The International Federation of Accountants (IFAC) has offered some support and some objections to the European Commission’s proposed legislation announced on November 30 (see sbr 12/11). IFAC maintains that a number of the proposals in the legislation were not widely supported by the responses received to the EC’s “Green Paper on Audit Policy: Lessons from the Crisis,” released in December 2010.

IFAC, which is comprised of 167 member and associate accountancy bodies in 127 countries, disagreed with the EC’s November 2011 proposed legislation in the areas of: mandatory firm rotation after a fixed period, prohibition of audit firms providing non-audit services, restricting the role of audit oversight by professional accountancy organizations, and requiring firms of a certain size to provide only audit services.

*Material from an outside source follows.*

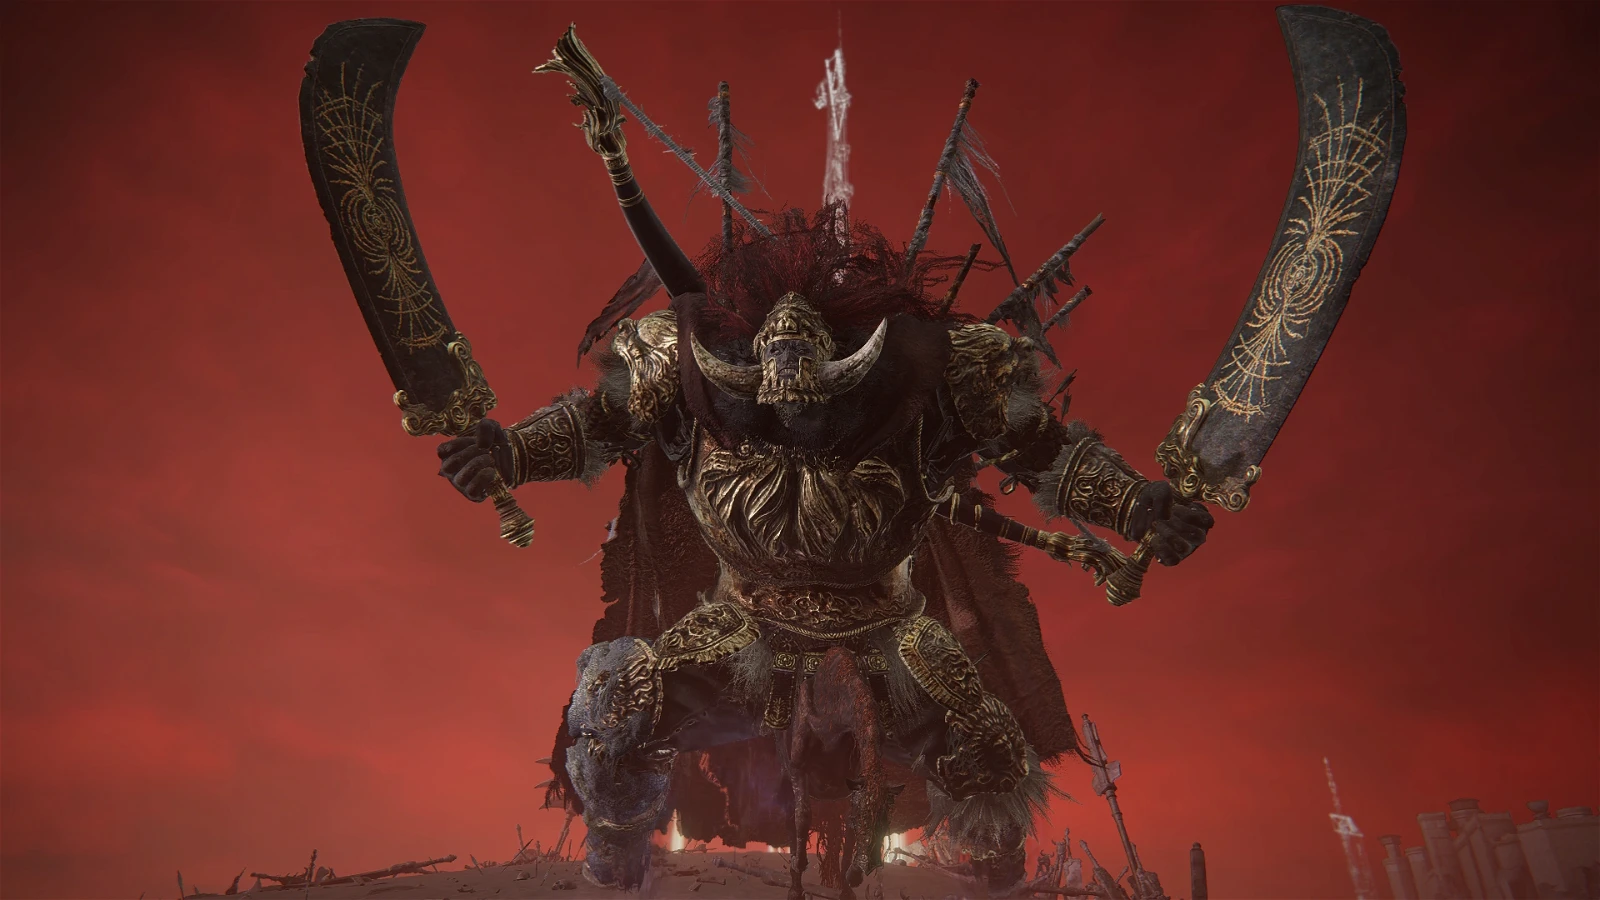 There are a lot of unique enemies that the player gets to fight in Elden Ring | A still from the battle with Starscourge Radahn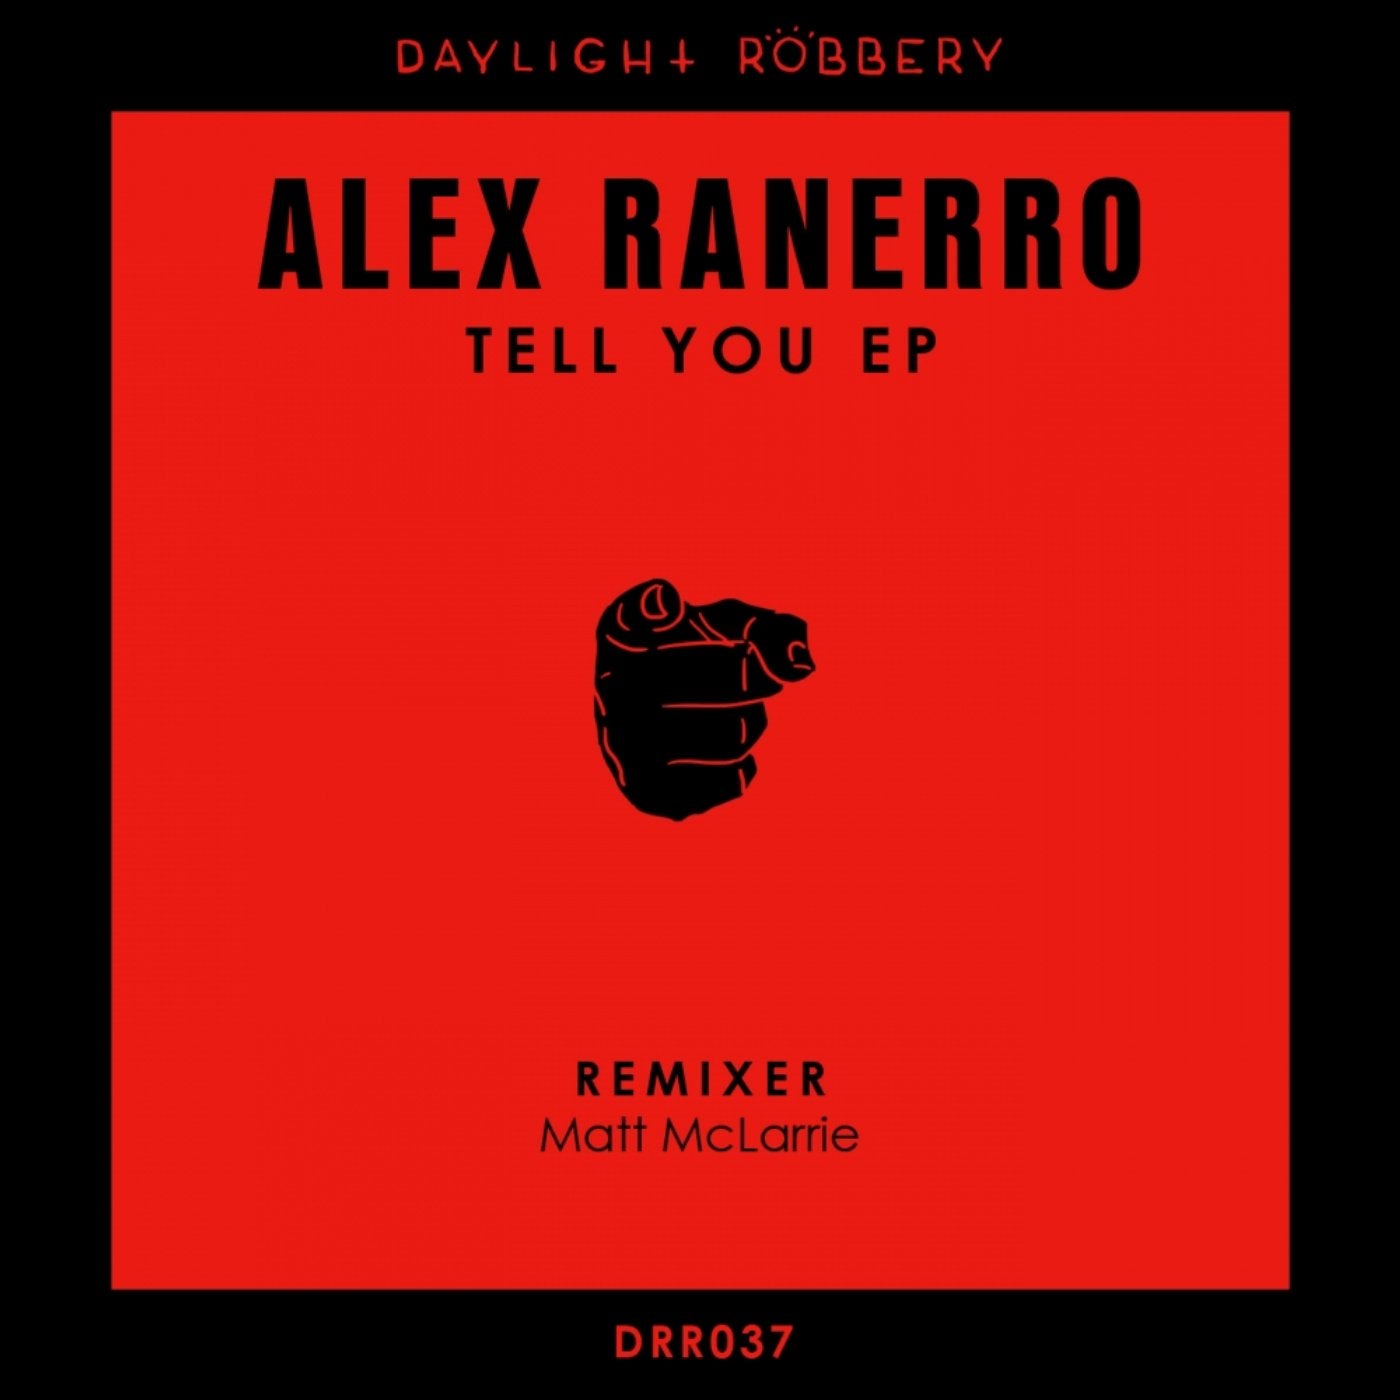 Tell You EP

It did agree with the EC’s proposed legislation as to: the need to review and enhance the auditor’s report, compliance with International Standards on Audit, strengthening of audit committees, enhancing the dialogue between auditors and regulators, having greater transparency in auditor selection, and enabling greater cross-border mobility for auditors.

Its press release states: “IFAC is concerned that the proposals will provide significant problems for global public interest entities that require global audit services. IFAC does not believe that requiring firms of a certain size to provide only audit services will enhance global quality and service capability of the profession. It therefore urges that the Parliament consider the implications legislative changes will have for non-European Union states and the global market for audits of multinational companies.”